• WORK INSTRUCTION: Would you please return the lines of the material that contain the word "représentant"?

════

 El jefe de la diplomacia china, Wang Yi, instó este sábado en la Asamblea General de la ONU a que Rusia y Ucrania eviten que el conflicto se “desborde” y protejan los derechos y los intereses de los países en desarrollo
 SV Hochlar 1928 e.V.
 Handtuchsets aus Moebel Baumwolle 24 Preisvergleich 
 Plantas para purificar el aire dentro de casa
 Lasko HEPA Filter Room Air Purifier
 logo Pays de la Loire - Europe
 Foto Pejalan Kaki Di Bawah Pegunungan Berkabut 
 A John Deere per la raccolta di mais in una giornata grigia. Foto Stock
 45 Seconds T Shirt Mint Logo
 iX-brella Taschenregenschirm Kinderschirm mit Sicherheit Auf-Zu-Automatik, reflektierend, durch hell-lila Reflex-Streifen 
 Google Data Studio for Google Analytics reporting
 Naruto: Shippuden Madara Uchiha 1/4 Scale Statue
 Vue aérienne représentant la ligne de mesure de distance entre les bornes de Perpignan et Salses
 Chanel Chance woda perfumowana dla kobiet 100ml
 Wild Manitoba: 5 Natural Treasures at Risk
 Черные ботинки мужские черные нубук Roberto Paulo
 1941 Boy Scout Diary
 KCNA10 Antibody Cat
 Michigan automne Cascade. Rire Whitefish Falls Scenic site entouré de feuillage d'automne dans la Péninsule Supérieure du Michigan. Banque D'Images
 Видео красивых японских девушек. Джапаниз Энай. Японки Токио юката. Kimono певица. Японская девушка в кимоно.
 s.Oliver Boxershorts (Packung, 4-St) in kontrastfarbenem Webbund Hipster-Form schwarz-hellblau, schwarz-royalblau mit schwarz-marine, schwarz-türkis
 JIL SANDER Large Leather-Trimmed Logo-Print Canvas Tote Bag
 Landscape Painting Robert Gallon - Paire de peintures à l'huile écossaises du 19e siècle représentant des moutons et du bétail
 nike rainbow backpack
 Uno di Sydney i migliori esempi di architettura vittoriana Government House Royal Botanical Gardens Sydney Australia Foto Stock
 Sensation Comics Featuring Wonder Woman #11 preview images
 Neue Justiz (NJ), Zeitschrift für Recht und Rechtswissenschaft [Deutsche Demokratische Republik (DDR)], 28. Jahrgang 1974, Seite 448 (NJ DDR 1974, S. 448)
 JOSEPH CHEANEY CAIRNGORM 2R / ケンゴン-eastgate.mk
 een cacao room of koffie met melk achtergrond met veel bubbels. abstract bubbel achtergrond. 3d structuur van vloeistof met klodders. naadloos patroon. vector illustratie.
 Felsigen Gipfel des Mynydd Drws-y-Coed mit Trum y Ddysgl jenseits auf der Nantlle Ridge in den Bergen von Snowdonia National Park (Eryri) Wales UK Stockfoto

════

• ANSWER FOR THE TASK:
 Vue aérienne représentant la ligne de mesure de distance entre les bornes de Perpignan et Salses
 Landscape Painting Robert Gallon - Paire de peintures à l'huile écossaises du 19e siècle représentant des moutons et du bétail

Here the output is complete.